## Exercise aim
Every single entry must be restated word for word.

Source data:

---*---

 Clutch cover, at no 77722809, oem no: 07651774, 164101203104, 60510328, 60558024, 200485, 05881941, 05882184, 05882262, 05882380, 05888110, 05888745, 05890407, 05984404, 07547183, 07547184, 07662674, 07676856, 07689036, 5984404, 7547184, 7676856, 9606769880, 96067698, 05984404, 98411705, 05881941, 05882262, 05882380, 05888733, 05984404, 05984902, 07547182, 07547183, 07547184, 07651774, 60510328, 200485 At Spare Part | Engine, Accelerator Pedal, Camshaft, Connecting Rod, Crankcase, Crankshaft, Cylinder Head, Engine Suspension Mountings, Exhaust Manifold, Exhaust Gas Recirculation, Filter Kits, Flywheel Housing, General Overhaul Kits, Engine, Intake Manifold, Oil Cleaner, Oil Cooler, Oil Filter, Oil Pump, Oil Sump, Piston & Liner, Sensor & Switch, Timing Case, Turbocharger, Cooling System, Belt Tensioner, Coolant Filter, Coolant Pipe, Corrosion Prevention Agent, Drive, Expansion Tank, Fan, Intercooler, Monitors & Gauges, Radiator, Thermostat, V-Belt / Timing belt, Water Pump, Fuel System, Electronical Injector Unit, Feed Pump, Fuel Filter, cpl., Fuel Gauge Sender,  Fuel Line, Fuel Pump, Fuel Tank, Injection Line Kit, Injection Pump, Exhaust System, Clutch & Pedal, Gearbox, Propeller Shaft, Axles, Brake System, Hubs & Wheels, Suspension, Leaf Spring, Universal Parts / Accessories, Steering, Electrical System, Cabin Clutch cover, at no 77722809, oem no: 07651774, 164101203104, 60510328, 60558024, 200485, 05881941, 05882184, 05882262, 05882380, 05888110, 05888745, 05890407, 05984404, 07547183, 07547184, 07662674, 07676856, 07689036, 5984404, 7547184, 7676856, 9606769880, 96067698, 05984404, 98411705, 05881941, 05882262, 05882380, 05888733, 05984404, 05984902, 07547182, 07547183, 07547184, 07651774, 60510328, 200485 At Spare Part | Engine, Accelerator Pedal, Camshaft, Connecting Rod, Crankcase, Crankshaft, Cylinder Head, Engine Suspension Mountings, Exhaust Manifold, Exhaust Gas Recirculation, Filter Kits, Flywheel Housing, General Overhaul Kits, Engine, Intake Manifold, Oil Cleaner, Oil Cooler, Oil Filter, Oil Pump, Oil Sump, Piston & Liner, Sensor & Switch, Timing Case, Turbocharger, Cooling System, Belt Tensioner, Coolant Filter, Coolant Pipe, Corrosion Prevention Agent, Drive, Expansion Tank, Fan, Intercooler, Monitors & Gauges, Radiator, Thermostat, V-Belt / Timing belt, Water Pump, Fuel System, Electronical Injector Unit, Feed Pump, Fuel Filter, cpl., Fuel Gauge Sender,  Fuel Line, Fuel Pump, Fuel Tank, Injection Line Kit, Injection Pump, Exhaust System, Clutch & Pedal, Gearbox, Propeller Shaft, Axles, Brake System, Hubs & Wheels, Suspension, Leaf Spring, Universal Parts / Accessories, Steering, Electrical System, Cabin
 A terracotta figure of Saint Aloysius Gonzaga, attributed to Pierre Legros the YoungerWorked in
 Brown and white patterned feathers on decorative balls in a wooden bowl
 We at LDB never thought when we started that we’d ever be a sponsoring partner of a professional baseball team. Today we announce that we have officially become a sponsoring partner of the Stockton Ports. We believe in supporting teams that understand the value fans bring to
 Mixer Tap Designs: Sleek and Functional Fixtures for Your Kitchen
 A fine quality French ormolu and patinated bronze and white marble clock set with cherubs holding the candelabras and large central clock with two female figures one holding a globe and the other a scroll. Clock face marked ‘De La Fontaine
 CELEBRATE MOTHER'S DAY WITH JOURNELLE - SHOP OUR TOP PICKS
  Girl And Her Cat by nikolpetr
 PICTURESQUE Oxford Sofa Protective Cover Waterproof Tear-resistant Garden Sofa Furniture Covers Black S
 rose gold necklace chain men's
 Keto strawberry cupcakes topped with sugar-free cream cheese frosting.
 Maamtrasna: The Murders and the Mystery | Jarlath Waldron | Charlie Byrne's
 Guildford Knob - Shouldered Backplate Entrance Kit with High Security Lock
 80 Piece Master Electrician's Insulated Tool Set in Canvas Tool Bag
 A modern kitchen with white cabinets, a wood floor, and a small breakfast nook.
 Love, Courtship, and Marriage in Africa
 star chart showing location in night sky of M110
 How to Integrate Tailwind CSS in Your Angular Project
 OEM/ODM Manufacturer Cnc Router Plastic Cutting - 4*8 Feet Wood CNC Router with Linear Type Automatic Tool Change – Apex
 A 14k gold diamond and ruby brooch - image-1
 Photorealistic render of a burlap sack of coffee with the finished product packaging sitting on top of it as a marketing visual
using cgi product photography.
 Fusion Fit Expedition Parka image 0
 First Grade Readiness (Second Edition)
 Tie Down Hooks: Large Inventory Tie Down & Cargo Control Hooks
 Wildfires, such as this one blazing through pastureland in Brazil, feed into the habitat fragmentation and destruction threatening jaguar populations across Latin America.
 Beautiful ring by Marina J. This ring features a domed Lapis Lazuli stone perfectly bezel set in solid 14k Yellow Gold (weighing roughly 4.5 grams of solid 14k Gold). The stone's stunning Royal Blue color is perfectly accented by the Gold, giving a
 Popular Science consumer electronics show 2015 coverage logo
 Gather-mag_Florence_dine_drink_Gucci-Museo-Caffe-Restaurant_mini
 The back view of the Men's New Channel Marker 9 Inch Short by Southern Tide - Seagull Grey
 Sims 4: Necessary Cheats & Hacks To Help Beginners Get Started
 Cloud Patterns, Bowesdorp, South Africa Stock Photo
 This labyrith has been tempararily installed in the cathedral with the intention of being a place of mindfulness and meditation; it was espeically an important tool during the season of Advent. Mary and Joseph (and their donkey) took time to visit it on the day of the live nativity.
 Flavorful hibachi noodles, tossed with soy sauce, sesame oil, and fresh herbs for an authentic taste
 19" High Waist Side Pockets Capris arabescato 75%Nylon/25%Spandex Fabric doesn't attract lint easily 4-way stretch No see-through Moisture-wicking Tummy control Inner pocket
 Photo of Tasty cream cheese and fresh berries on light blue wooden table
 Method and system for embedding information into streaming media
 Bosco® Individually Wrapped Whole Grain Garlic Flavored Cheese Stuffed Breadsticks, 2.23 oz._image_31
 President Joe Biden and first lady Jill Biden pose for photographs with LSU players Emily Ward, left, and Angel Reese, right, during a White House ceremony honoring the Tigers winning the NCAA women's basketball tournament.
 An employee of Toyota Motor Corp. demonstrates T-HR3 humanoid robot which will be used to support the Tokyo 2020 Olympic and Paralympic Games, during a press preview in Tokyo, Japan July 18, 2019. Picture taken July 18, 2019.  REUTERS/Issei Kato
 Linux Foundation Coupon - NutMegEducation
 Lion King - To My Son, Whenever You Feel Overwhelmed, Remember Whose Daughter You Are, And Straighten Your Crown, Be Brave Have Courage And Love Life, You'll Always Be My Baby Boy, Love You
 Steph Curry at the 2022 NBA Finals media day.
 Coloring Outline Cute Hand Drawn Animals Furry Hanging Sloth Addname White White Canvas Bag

---*---

## Exercise answer
 Clutch cover, at no 77722809, oem no: 07651774, 164101203104, 60510328, 60558024, 200485, 05881941, 05882184, 05882262, 05882380, 05888110, 05888745, 05890407, 05984404, 07547183, 07547184, 07662674, 07676856, 07689036, 5984404, 7547184, 7676856, 9606769880, 96067698, 05984404, 98411705, 05881941, 05882262, 05882380, 05888733, 05984404, 05984902, 07547182, 07547183, 07547184, 07651774, 60510328, 200485 At Spare Part | Engine, Accelerator Pedal, Camshaft, Connecting Rod, Crankcase, Crankshaft, Cylinder Head, Engine Suspension Mountings, Exhaust Manifold, Exhaust Gas Recirculation, Filter Kits, Flywheel Housing, General Overhaul Kits, Engine, Intake Manifold, Oil Cleaner, Oil Cooler, Oil Filter, Oil Pump, Oil Sump, Piston & Liner, Sensor & Switch, Timing Case, Turbocharger, Cooling System, Belt Tensioner, Coolant Filter, Coolant Pipe, Corrosion Prevention Agent, Drive, Expansion Tank, Fan, Intercooler, Monitors & Gauges, Radiator, Thermostat, V-Belt / Timing belt, Water Pump, Fuel System, Electronical Injector Unit, Feed Pump, Fuel Filter, cpl., Fuel Gauge Sender,  Fuel Line, Fuel Pump, Fuel Tank, Injection Line Kit, Injection Pump, Exhaust System, Clutch & Pedal, Gearbox, Propeller Shaft, Axles, Brake System, Hubs & Wheels, Suspension, Leaf Spring, Universal Parts / Accessories, Steering, Electrical System, Cabin Clutch cover, at no 77722809, oem no: 07651774, 164101203104, 60510328, 60558024, 200485, 05881941, 05882184, 05882262, 05882380, 05888110, 05888745, 05890407, 05984404, 07547183, 07547184, 07662674, 07676856, 07689036, 5984404, 7547184, 7676856, 9606769880, 96067698, 05984404, 98411705, 05881941, 05882262, 05882380, 05888733, 05984404, 05984902, 07547182, 07547183, 07547184, 07651774, 60510328, 200485 At Spare Part | Engine, Accelerator Pedal, Camshaft, Connecting Rod, Crankcase, Crankshaft, Cylinder Head, Engine Suspension Mountings, Exhaust Manifold, Exhaust Gas Recirculation, Filter Kits, Flywheel Housing, General Overhaul Kits, Engine, Intake Manifold, Oil Cleaner, Oil Cooler, Oil Filter, Oil Pump, Oil Sump, Piston & Liner, Sensor & Switch, Timing Case, Turbocharger, Cooling System, Belt Tensioner, Coolant Filter, Coolant Pipe, Corrosion Prevention Agent, Drive, Expansion Tank, Fan, Intercooler, Monitors & Gauges, Radiator, Thermostat, V-Belt / Timing belt, Water Pump, Fuel System, Electronical Injector Unit, Feed Pump, Fuel Filter, cpl., Fuel Gauge Sender,  Fuel Line, Fuel Pump, Fuel Tank, Injection Line Kit, Injection Pump, Exhaust System, Clutch & Pedal, Gearbox, Propeller Shaft, Axles, Brake System, Hubs & Wheels, Suspension, Leaf Spring, Universal Parts / Accessories, Steering, Electrical System, Cabin
 A terracotta figure of Saint Aloysius Gonzaga, attributed to Pierre Legros the YoungerWorked in
 Brown and white patterned feathers on decorative balls in a wooden bowl
 We at LDB never thought when we started that we’d ever be a sponsoring partner of a professional baseball team. Today we announce that we have officially become a sponsoring partner of the Stockton Ports. We believe in supporting teams that understand the value fans bring to
 Mixer Tap Designs: Sleek and Functional Fixtures for Your Kitchen
 A fine quality French ormolu and patinated bronze and white marble clock set with cherubs holding the candelabras and large central clock with two female figures one holding a globe and the other a scroll. Clock face marked ‘De La Fontaine
 CELEBRATE MOTHER'S DAY WITH JOURNELLE - SHOP OUR TOP PICKS
  Girl And Her Cat by nikolpetr
 PICTURESQUE Oxford Sofa Protective Cover Waterproof Tear-resistant Garden Sofa Furniture Covers Black S
 rose gold necklace chain men's
 Keto strawberry cupcakes topped with sugar-free cream cheese frosting.
 Maamtrasna: The Murders and the Mystery | Jarlath Waldron | Charlie Byrne's
 Guildford Knob - Shouldered Backplate Entrance Kit with High Security Lock
 80 Piece Master Electrician's Insulated Tool Set in Canvas Tool Bag
 A modern kitchen with white cabinets, a wood floor, and a small breakfast nook.
 Love, Courtship, and Marriage in Africa
 star chart showing location in night sky of M110
 How to Integrate Tailwind CSS in Your Angular Project
 OEM/ODM Manufacturer Cnc Router Plastic Cutting - 4*8 Feet Wood CNC Router with Linear Type Automatic Tool Change – Apex
 A 14k gold diamond and ruby brooch - image-1
 Photorealistic render of a burlap sack of coffee with the finished product packaging sitting on top of it as a marketing visual
using cgi product photography.
 Fusion Fit Expedition Parka image 0
 First Grade Readiness (Second Edition)
 Tie Down Hooks: Large Inventory Tie Down & Cargo Control Hooks
 Wildfires, such as this one blazing through pastureland in Brazil, feed into the habitat fragmentation and destruction threatening jaguar populations across Latin America.
 Beautiful ring by Marina J. This ring features a domed Lapis Lazuli stone perfectly bezel set in solid 14k Yellow Gold (weighing roughly 4.5 grams of solid 14k Gold). The stone's stunning Royal Blue color is perfectly accented by the Gold, giving a
 Popular Science consumer electronics show 2015 coverage logo
 Gather-mag_Florence_dine_drink_Gucci-Museo-Caffe-Restaurant_mini
 The back view of the Men's New Channel Marker 9 Inch Short by Southern Tide - Seagull Grey
 Sims 4: Necessary Cheats & Hacks To Help Beginners Get Started
 Cloud Patterns, Bowesdorp, South Africa Stock Photo
 This labyrith has been tempararily installed in the cathedral with the intention of being a place of mindfulness and meditation; it was espeically an important tool during the season of Advent. Mary and Joseph (and their donkey) took time to visit it on the day of the live nativity.
 Flavorful hibachi noodles, tossed with soy sauce, sesame oil, and fresh herbs for an authentic taste
 19" High Waist Side Pockets Capris arabescato 75%Nylon/25%Spandex Fabric doesn't attract lint easily 4-way stretch No see-through Moisture-wicking Tummy control Inner pocket
 Photo of Tasty cream cheese and fresh berries on light blue wooden table
 Method and system for embedding information into streaming media
 Bosco® Individually Wrapped Whole Grain Garlic Flavored Cheese Stuffed Breadsticks, 2.23 oz._image_31
 President Joe Biden and first lady Jill Biden pose for photographs with LSU players Emily Ward, left, and Angel Reese, right, during a White House ceremony honoring the Tigers winning the NCAA women's basketball tournament.
 An employee of Toyota Motor Corp. demonstrates T-HR3 humanoid robot which will be used to support the Tokyo 2020 Olympic and Paralympic Games, during a press preview in Tokyo, Japan July 18, 2019. Picture taken July 18, 2019.  REUTERS/Issei Kato
 Linux Foundation Coupon - NutMegEducation
 Lion King - To My Son, Whenever You Feel Overwhelmed, Remember Whose Daughter You Are, And Straighten Your Crown, Be Brave Have Courage And Love Life, You'll Always Be My Baby Boy, Love You
 Steph Curry at the 2022 NBA Finals media day.
 Coloring Outline Cute Hand Drawn Animals Furry Hanging Sloth Addname White White Canvas Bag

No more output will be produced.